A brief third thought: Don’t know if I will make it to The Marriage Plot. If I want more long winded storytelling goodness I am going to wander into some more of John Irving. The reviewers for The Marriage Plot make it sound dry and pretentious. I imagine I will like Cider House Rules more.
A New York Times Bestseller (Popsugar):
The Girls, Emma Cline
This one was all over in front of my face and I was shocked when I snagged it on a limited time price reduction.
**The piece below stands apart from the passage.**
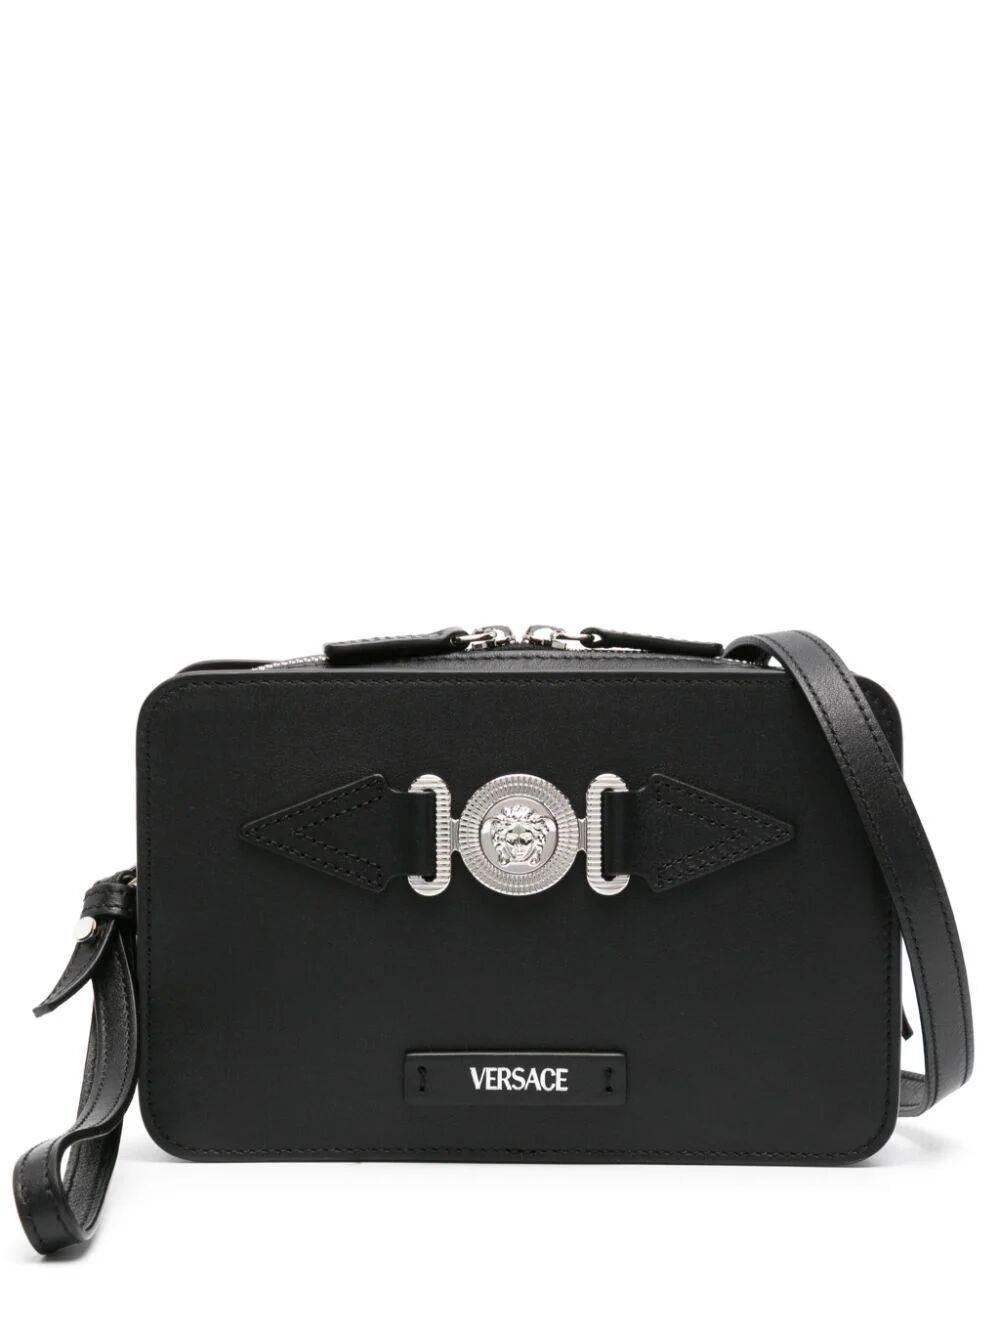 Versace Camera Bag Calf In Black

All the critics were right when they comment that this book is more about being a teen girl in the late sixties than it is about the ranch and the murder that hangs over your head as the plot unwinds. You know something terrible was done by common, if unmoored, people, and we all want to know how such things happen, but it is the intense discomfort of being the narrator that stands out. Not the brief flashes of carnage. That is really what this is about. And, like in Middlesex, there are girls in love with girls. Romantic love with girls. In Eugenides the male character falls in love with a girl before he knows he’s actually a man, so it can pass as same sex. Anywhoodle. Cline’s prose is riddled with those powerful metaphors than surprise you with their truth. I started to stall out halfway through for reads less depressing and complex. I wandered into some of the books I posted about last month before I read The Girls through to its conclusion of near misses and vague renown. I needed some guilty pleasures to break up this book’s intense sadness and loneliness. The Girls is wildly intense and I predict will win something. Books I tend to need breaks from tend to be the shining stars, and I get that, but we need the books for breaks, too. I vacillate between wanting to write a big star or a guilty pleasure, and then I think, I just want to write something that someone in the world wants to read. I can’t be Cline or Nafisi or Eugenides, because they are already taken.
More women pushing boundaries and defining their worlds, I know. I can’t help myself. All these books were just too good.
The blitz to finish my challenges in the next 8 weeks presses on.